Department of Dermatology, Stanford University School of Medicine, Redwood City, CA.
Department of Pathology, Stanford University School of Medicine, Palo Alto, CA; and.
Am J Dermatopathol. 2024 Sep 1;46(9):588-592. doi: 10.1097/DAD.0000000000002718. Epub 2024 Apr 23.
Targeting the mammalian target of rapamycin (mTOR) pathway represents a potentially novel approach to treat basal cell carcinoma (BCC), but activation of this pathway has not been well described in human BCCs.

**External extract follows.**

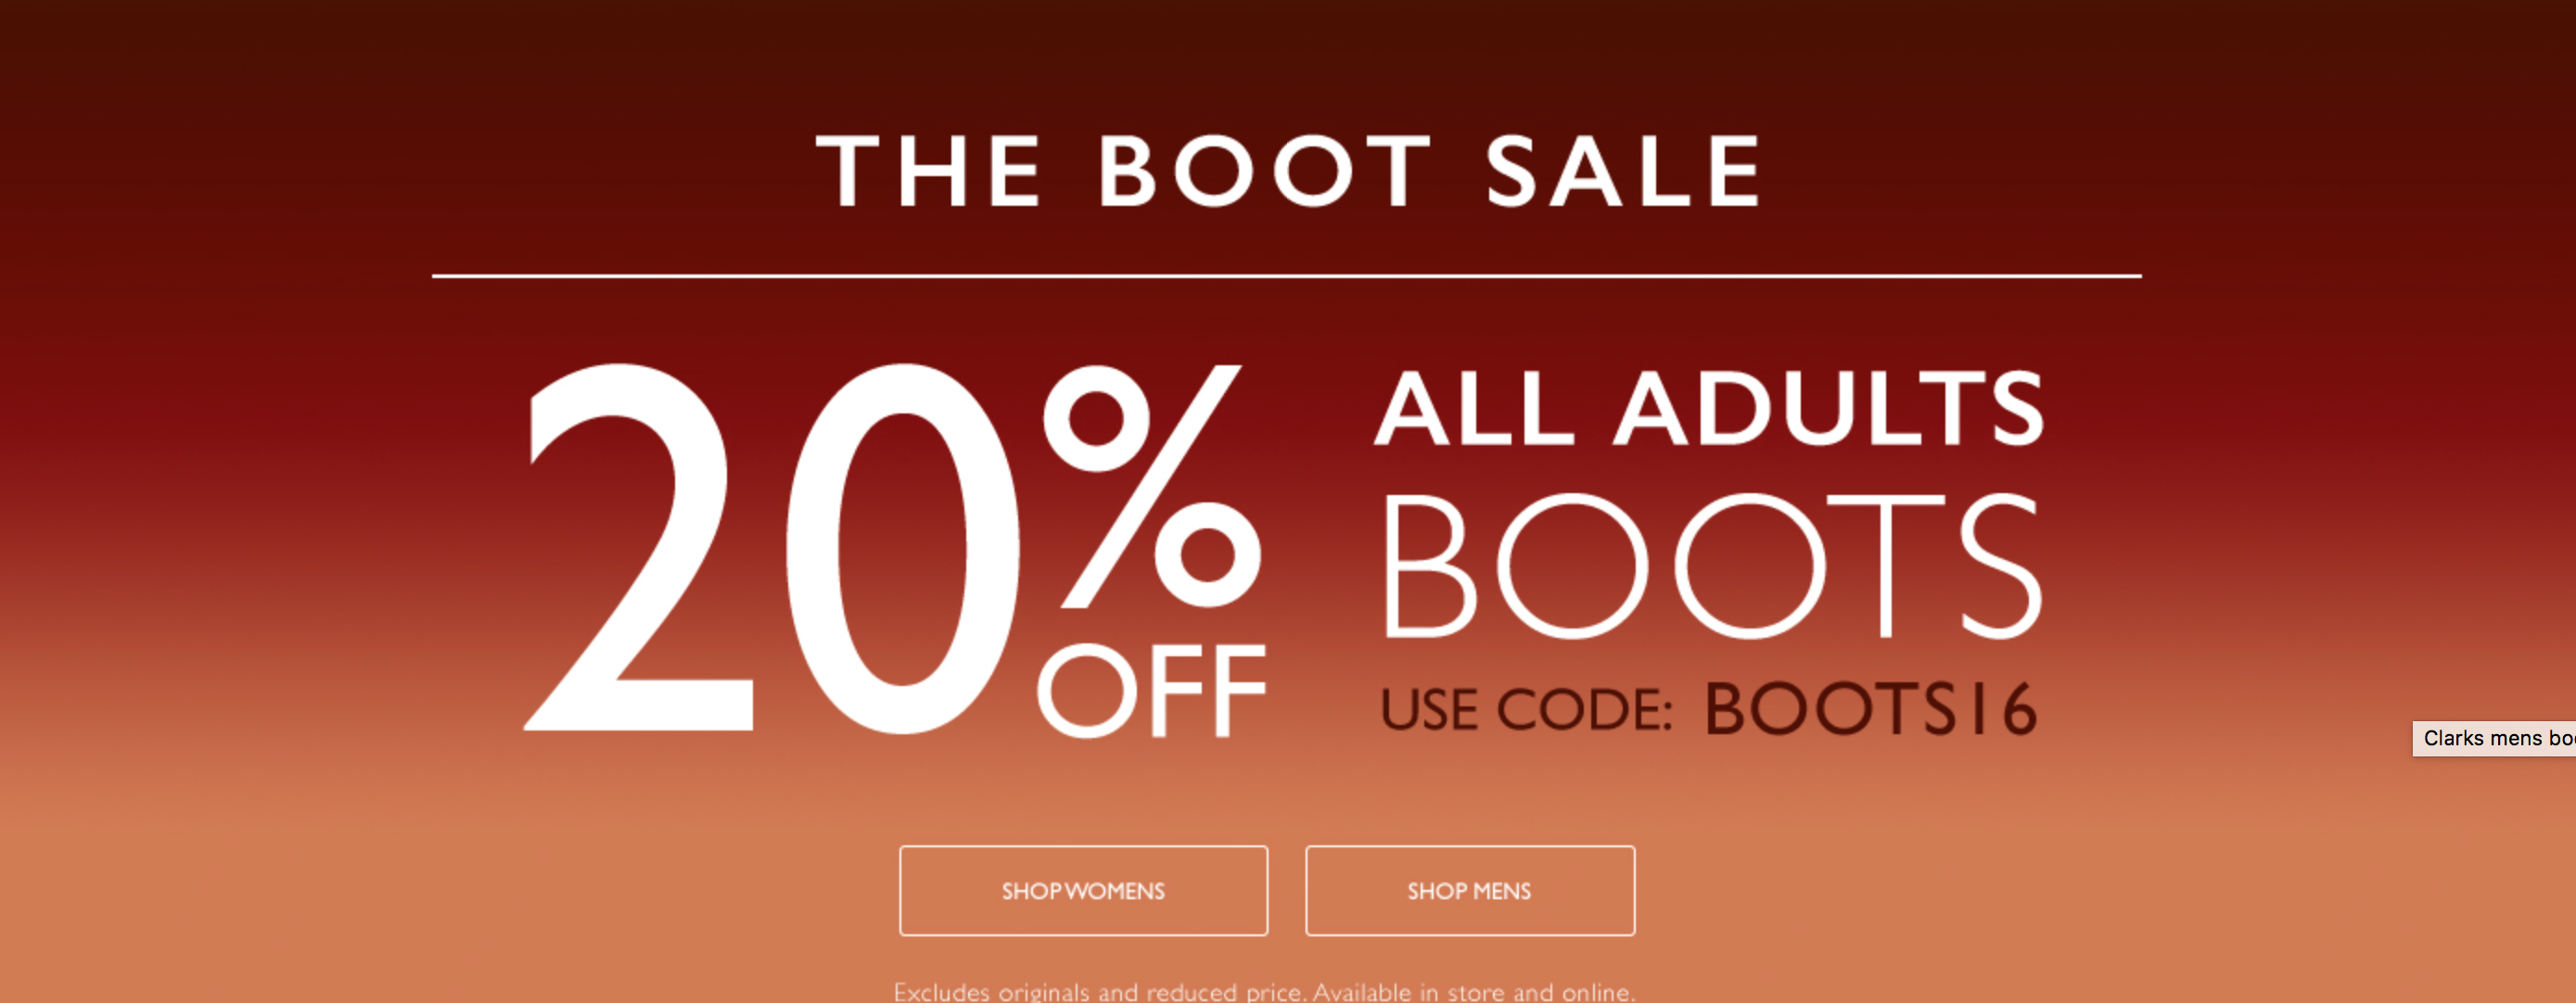 Clarks: Sale 20% off all adults boots
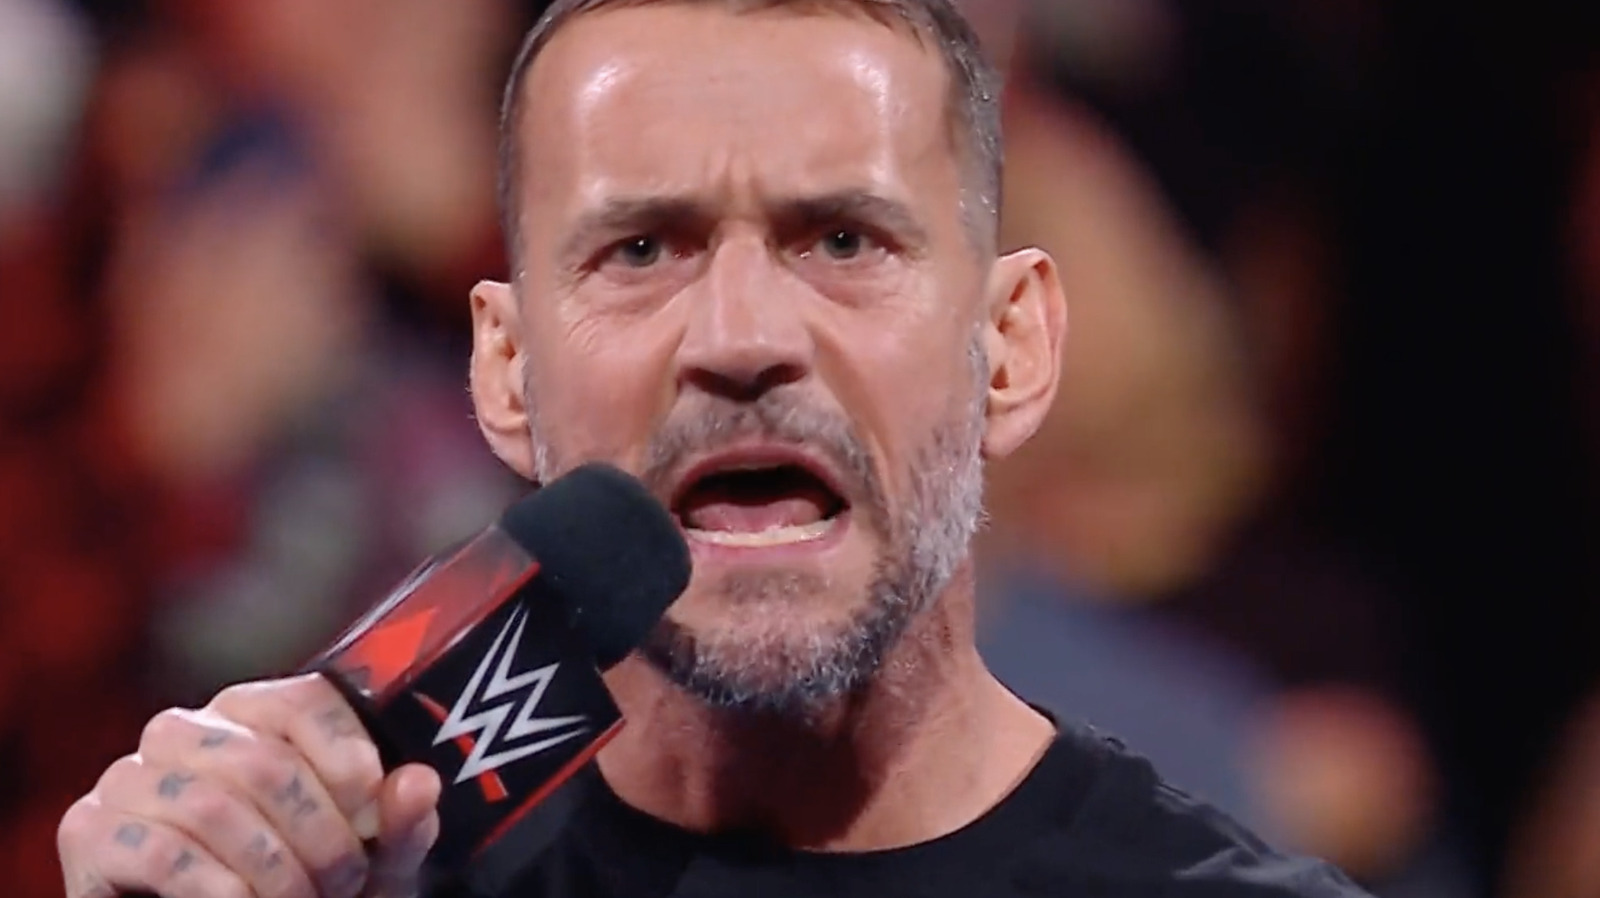 CM Punk On Returning To WWE In Raw Promo Segment: 'I'm Home'

The purpose of this study was to assess whether mTOR pathway activation occurs in BCCs (both sporadic and syndromic) and report a case of a patient with Gorlin syndrome (GS) whose clinically suspicious BCCs responded to mTOR inhibition through topical sirolimus treatment. After Stanford Institutional Review Board Approval, archived BCCs from patients with GS (n = 25), sporadic BCCs (n = 35), and control tissues were subjected to immunohistochemical analysis for the activation of mTOR pathway, and immunohistochemical staining intensity was evaluated by a dermatopathologist. BCCs (compared with normal skin) had elevated levels of eIF4EBP1 ( Padjusted = 0.0336), which is downstream of mTOR. a serine/threonine kinase Phospho-(AKT), which interacts with mTOR, was also significantly elevated (perinuclear: Padjusted < 0.0001; cytoplasmic: Padjusted = 0.0021). When off-label topical 1% sirolimus was used on a pediatric patient with GS, we noted reduction of new BCC development and decreased size of existing neoplasms clinically suspicious for BCCs. This treatment was well tolerated after 2 years of continuous use, with no other treatments needed during this period. Topical sirolimus is a promising therapeutic candidate against both sporadic and GS-associated BCC. Multicenter, prospective studies are needed to understand the efficacy and safety of topical mTOR inhibitors in BCC treatment, and ascertain whether the immunohistochemical markers downstream of mTOR could have predictive value in identifying BCCs most likely to respond to topical mTOR inhibitors, such as sirolimus.
靶向哺乳动物雷帕霉素靶蛋白(mTOR)途径代表了治疗基底细胞癌(BCC)的一种潜在新方法,但该途径在人类 BCC 中的激活尚未得到很好的描述。本研究旨在评估 mTOR 途径的激活是否发生在 BCC(包括散发性和综合征性)中,并报告一例患有 Gorlin 综合征(GS)的患者,其临床上可疑的 BCC 通过局部使用雷帕霉素治疗对 mTOR 抑制有反应。在斯坦福机构审查委员会批准后,对来自 GS 患者(n=25)、散发性 BCC 患者(n=35)和对照组织的存档 BCC 进行了 mTOR 途径激活的免疫组织化学分析,并由皮肤科病理学家评估免疫组织化学染色强度。BCC(与正常皮肤相比)具有升高的 eIF4EBP1 水平(Padjusted=0.0336),这是 mTOR 的下游。与 mTOR 相互作用的丝氨酸/苏氨酸激酶磷酸化(AKT)也显著升高(核周:Padjusted<0.0001;细胞质:Padjusted=0.0021)。当在患有 GS 的儿科患者中使用非标签局部 1%雷帕霉素时,我们注意到新 BCC 发展减少和临床上可疑的 BCC 现有肿瘤大小减小。在连续使用 2 年后,该治疗方法耐受性良好,在此期间无需其他治疗。局部雷帕霉素是治疗散发性和 GS 相关 BCC 的有前途的治疗候选药物。需要进行多中心、前瞻性研究,以了解局部 mTOR 抑制剂在 BCC 治疗中的疗效和安全性,并确定 mTOR 下游的免疫组织化学标志物是否具有预测价值,以识别最有可能对局部 mTOR 抑制剂(如雷帕霉素)有反应的 BCC。